As shown in FIG. 15 , the image display device 1500 includes an electronic device 1501 and a display apparatus 1502. The display apparatus 1502 is used to acquire a target image from the electronic device 1501 and display the target image.
In FIG. 15 , the electronic device 1501 communicates with the display apparatus 1502 through a network 1503. The network 1503 is a medium for providing a communication link between the electronic device 1501 and the display apparatus 1502. The network 1503 may include various connection types, such as wired and/or wireless communication links, or fiber optic cable, etc.
According to embodiments of the present disclosure, the electronic device 1501 may be the electronic device 1400 in FIG. 14 . The display apparatus 1502 may include at least one display screen. For example, the display apparatus 1502 may be a single display screen, or may be a display screen spliced by four single display screens having the same resolution
It should be noted that the original images involved in FIG. 1 to FIG. 15 are all from a public library, which is a free public resource.
The flowcharts and block diagrams in the accompanying drawings illustrate the possible architecture, functions, and operations of the system, method, and computer program product according to various embodiments of the present disclosure. In this regard, each block in the flowcharts or block diagrams may represent a part of a module, a program segment, or a code, which part includes one or more executable instructions for implementing the specified logical function. It should be further noted that, in some alternative implementations, the functions noted in the blocks may also occur in a different order from that noted in the accompanying drawings. For example, two blocks shown in succession may actually be executed substantially in parallel, or they may sometimes be executed in a reverse order, depending on the functions involved. It should be further noted that each block in the block diagrams or flowcharts, and the combination of blocks in the block diagrams or flowcharts, may be implemented by a dedicated hardware-based system that performs the specified functions or operations, or may be implemented by a combination of dedicated hardware and computer instructions.
Those skilled in the art may understand that various embodiments of the present disclosure and/or the features described in claims may be combined in various ways, even if such combinations are not explicitly described in the present disclosure. In particular, without departing from the spirit and teachings of the present disclosure, the various embodiments of the present disclosure and/or the features described in the claims may be combined in various ways. All these combinations fall within the scope of the present disclosure.
Embodiments of the present disclosure have been described above. However, these embodiments are for illustrative purposes only, and are not intended to limit the scope of the present disclosure. Although the various embodiments have been described separately above, this does not mean that measures in the respective embodiments may not be used in combination advantageously. The scope of the present disclosure is defined by the appended claims and their equivalents. Those skilled in the art may make various substitutions and modifications without departing from the scope of the present disclosure, and these substitutions and modifications should all fall within the scope of the present disclosure.

Claims

1. An image display method, comprising:

acquiring an original resolution of an original image and a target resolution of a display apparatus;

generating a target image according to the original image, the original resolution and the target resolution; and

sending the target image to the display apparatus, so that the display apparatus displays the target image.

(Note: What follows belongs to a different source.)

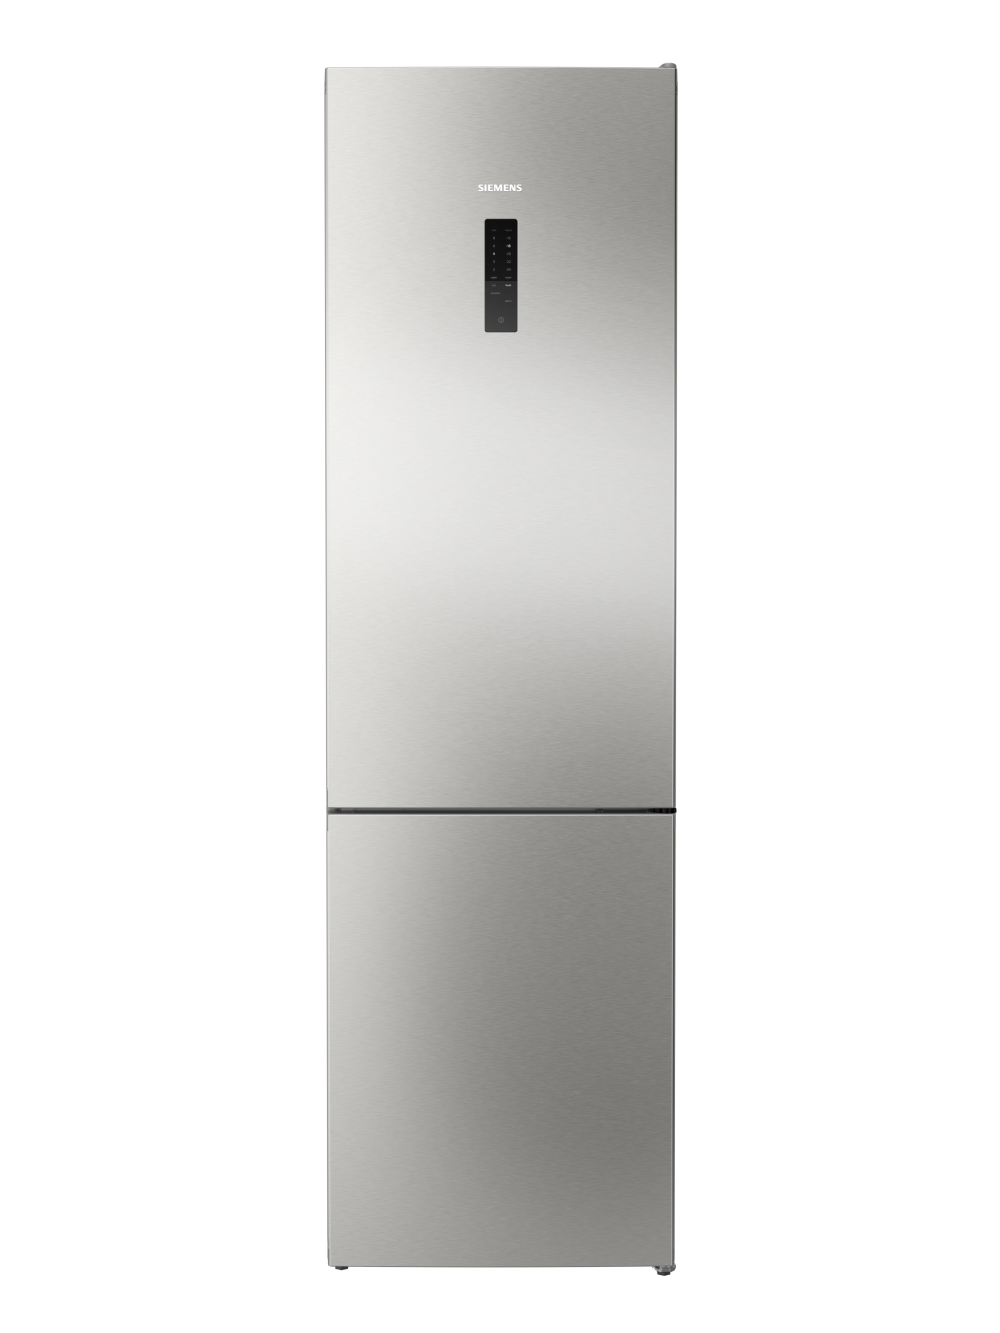 Siemens KG39NXIBF iQ300 Freestanding Fridge Freezer featured image
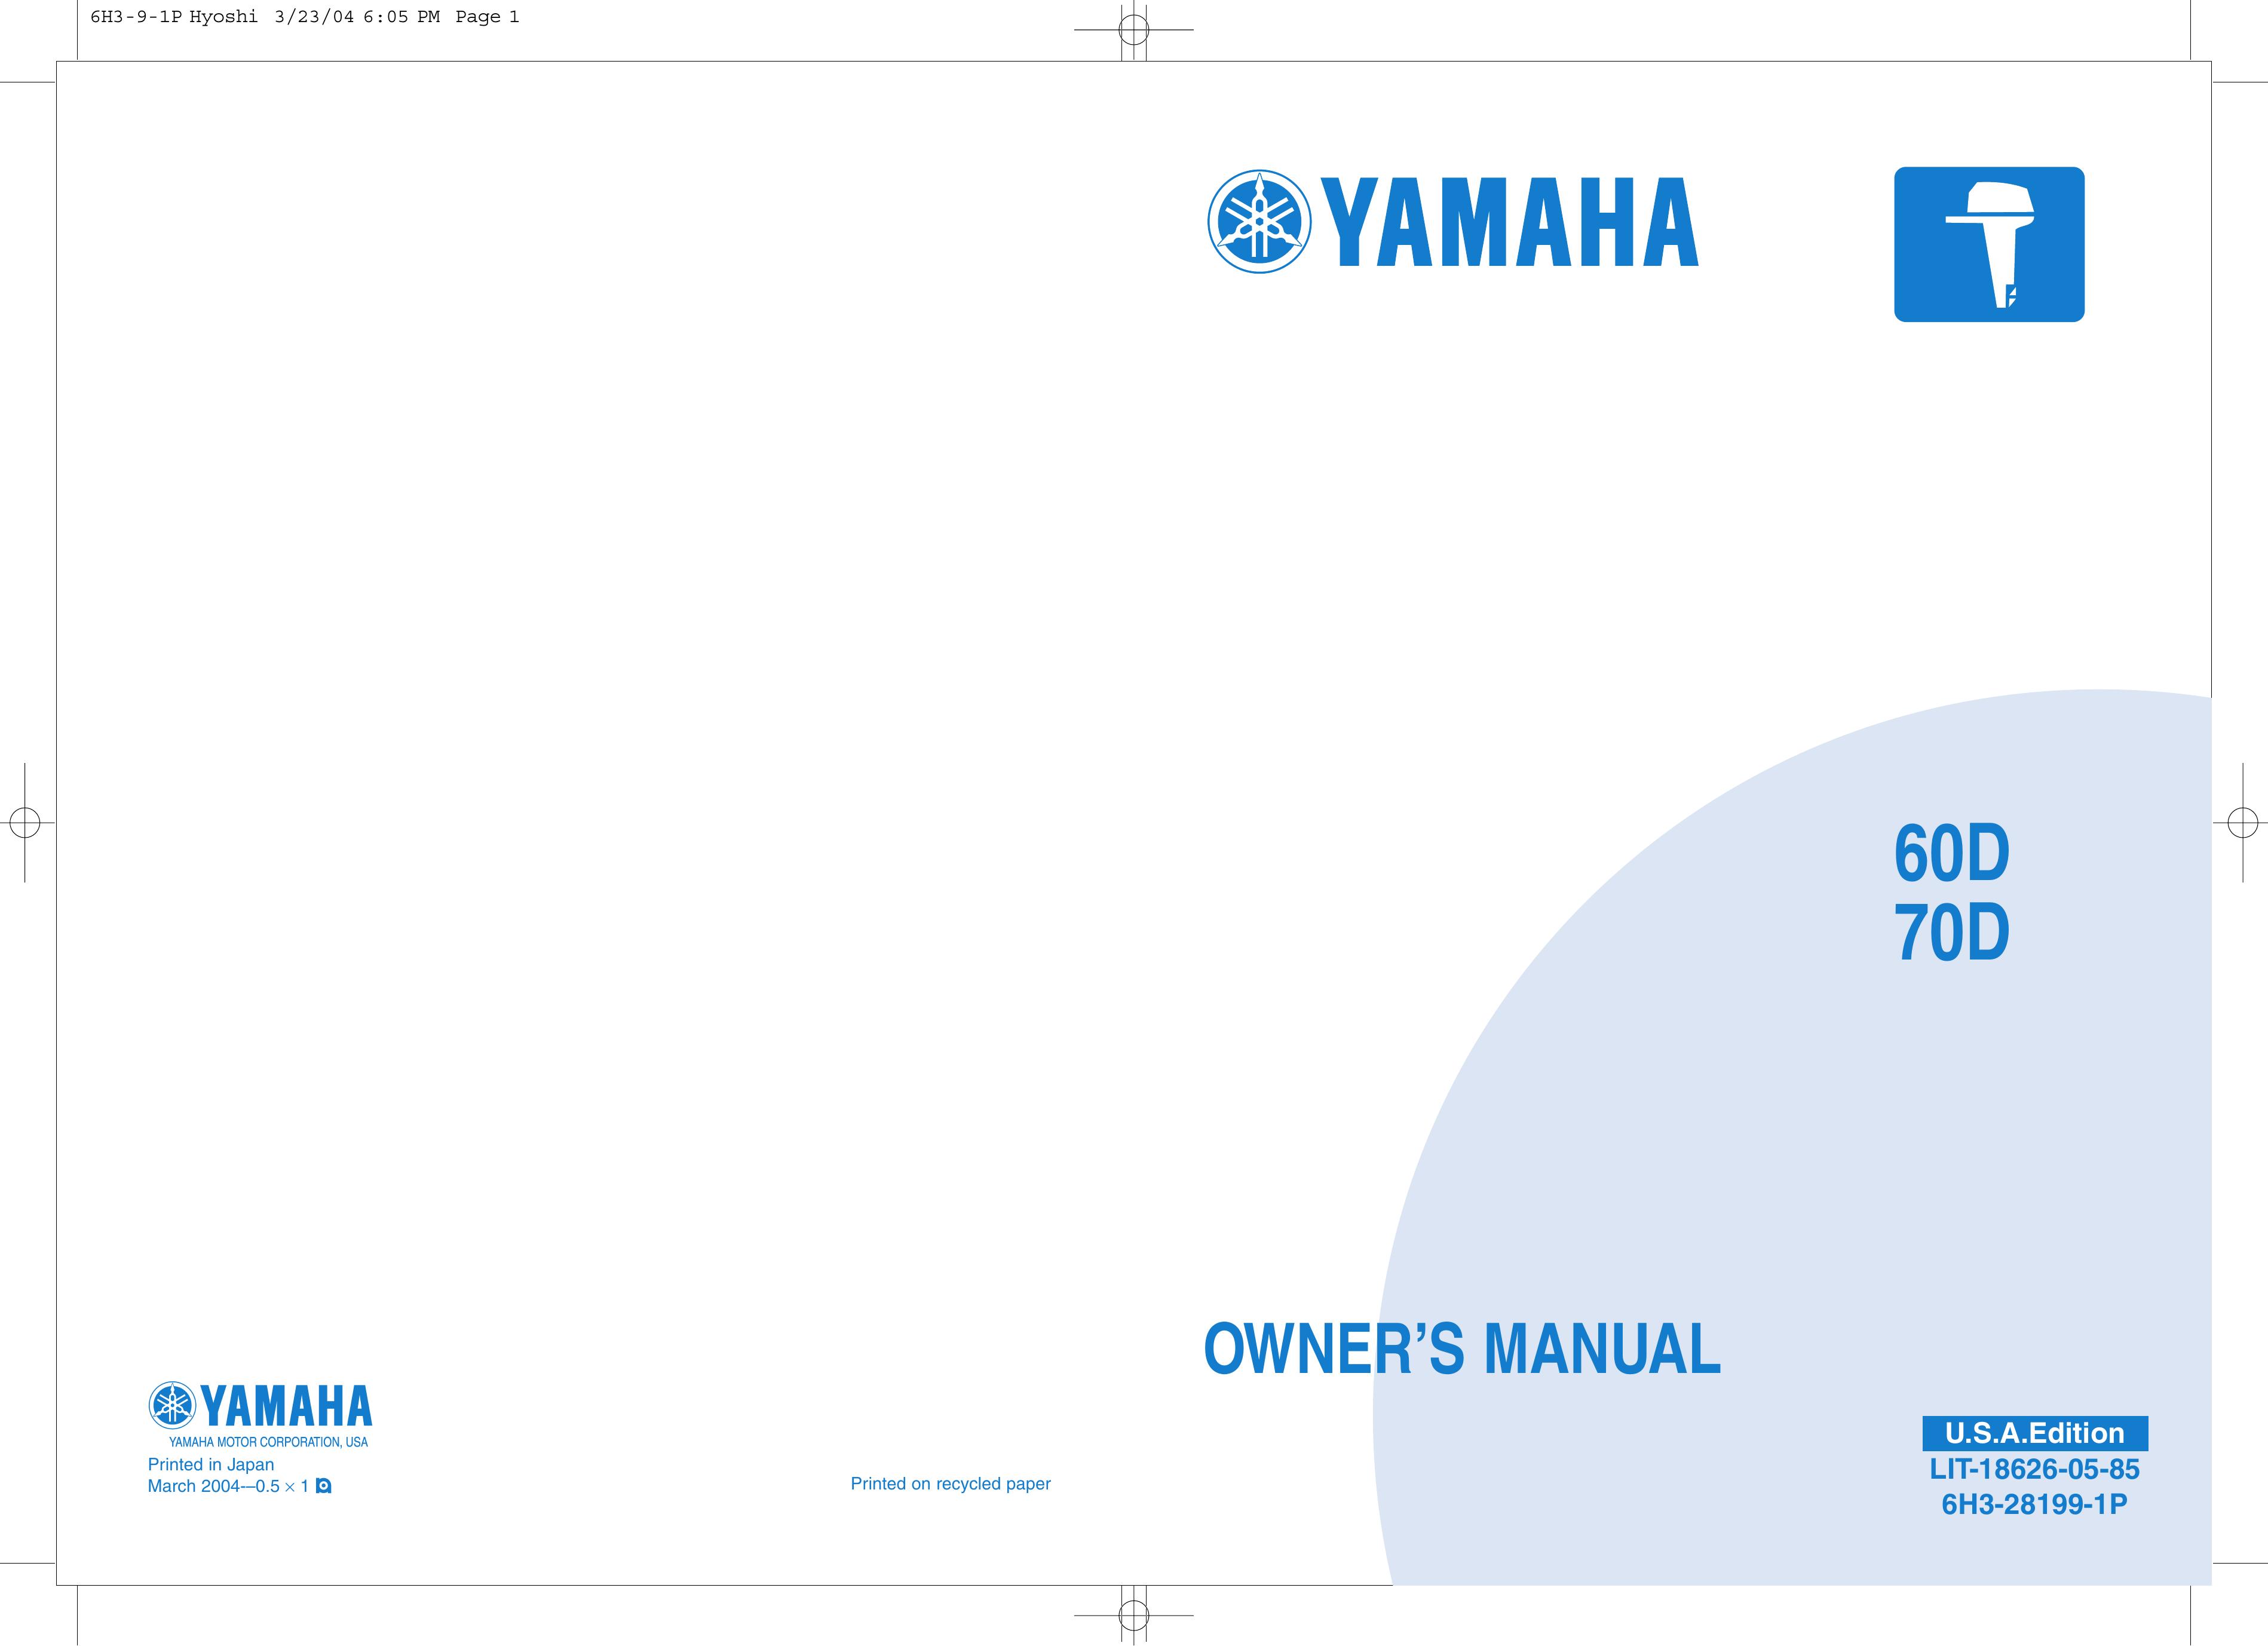 Yamaha 60D Boat User Manual

2. The method according to claim 1, wherein the original resolution comprises an original pixel width and an original pixel height, and the target resolution comprises a target pixel width and a target pixel height; and the generating a target image according to the original image, the original resolution and the target resolution comprises:

determining a first height ratio of the target pixel height to the original pixel height;

determining a first width ratio of the target pixel width to the original pixel width;

determining an overlapping resolution according to the first height ratio, the first width ratio, the original resolution and the target resolution;

determining a difference value according to a ratio of the overlapping resolution to the target resolution; and

generating the target image according to the difference value, the original image and the target resolution.

3. The method according to claim 2, wherein the determining an overlapping resolution according to the first height ratio, the first width ratio, the original resolution and the target resolution comprises: in a case that the first height ratio is less than or equal to the first width ratio,

determining the target pixel height as a height of the overlapping resolution; and

determining a width of the overlapping resolution according to the height of the overlapping resolution, the original pixel height and the original pixel width.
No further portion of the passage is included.